- Shortstop
- Born: August 1, 1906 La Habana, Cuba
- Bats: RightThrows: Right

= Joe Olivares =

Cuban baseball player

Jose "Joe" Olivares (August 1, 1906 – unknown) was a Cuban professional baseball shortstop. Nine of his 14 professional seasons, from 1927 to 1935, were spent with the Louisville Colonels of the American Association. According to the Milwaukee Journal reporter Sam Levy, Olivares was the first Cuban star in the American Association.
In 1930 he won the American Association Most Valuable Player Award as the Colonels were surprise contenders for the American Association Championship. He had a batting average of .296 and a slugging percentage of .414 that season. He partnered with future Hall of Famer Billy Herman at second base to form the Colonels' double play combination that season, and 1920 World Series hero Bill Wambsganss was also a second baseman on that team.

Olivares was noted for his defense at shortstop. Levy considered him the "game's greatest exponent of the hidden ball trick." With the Chattanooga Lookouts in 1936, Olivares successfully used the hidden ball trick seven times. In 1936 former Major Leaguer Jimmy Adair, who played second base for the Colonels with Olivares from 1932 to 1935, claimed that Olivares would be one of the top four defensive shortstops in the Majors, stating that while Leo Durocher was probably the best, Olivares "does not have to take a back seat to him." Adair also expressed surprise that Olivares had not been picked up by a Major League team. In 1934, Olivares and Adair had a collision behind second base as a result of which both had to be hospitalized.

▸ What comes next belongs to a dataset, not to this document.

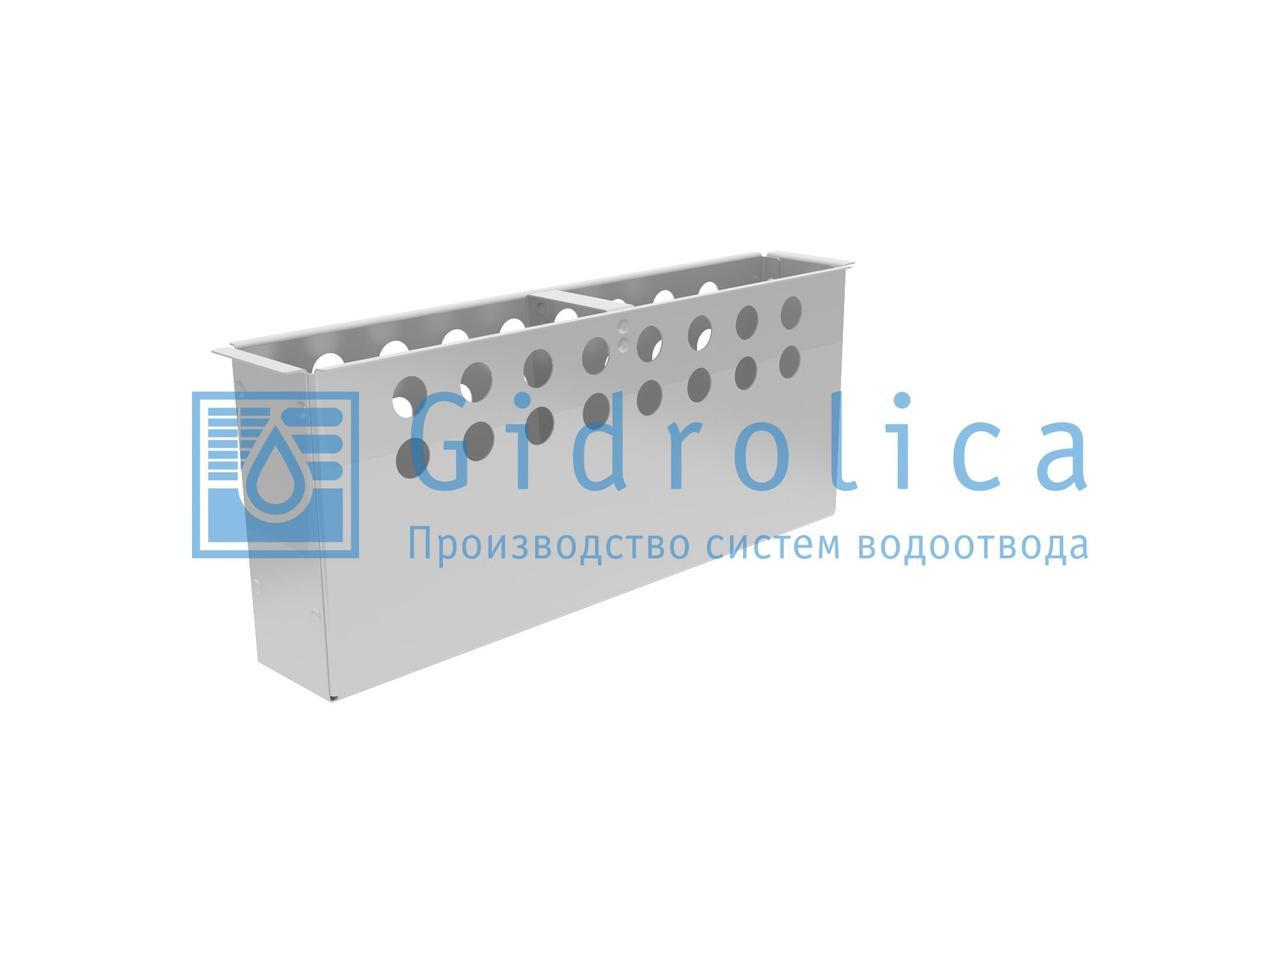 Корзина стальная универсальная для пескоулавливающего колодца (СО-100)Кпк 10 - 40.8.16,4

According to Levy, Cuban pitcher Gil Torres, who would pitch in the Major Leagues for the Washington Senators, was signed to his first pro contract in the US with the Milwaukee Brewers on the recommendation of Olivares.

Olivares came to the United States from Cuba in 1925 with only a quarter to his name to try to play professional baseball in the US. The Colonels originally assigned him to the Chattanooga Lookouts but was assigned to the Johnstown Johnnies a few days later because Olivares spoke no English and the Lookouts' manager spoke no Spanish. He played second base for the Johnnies because the shortstop was future Hall of Famer Joe Cronin. Olivares finally played for the Lookouts in 1936 and 1937 after he was sold to them for $1000 before the 1936 season.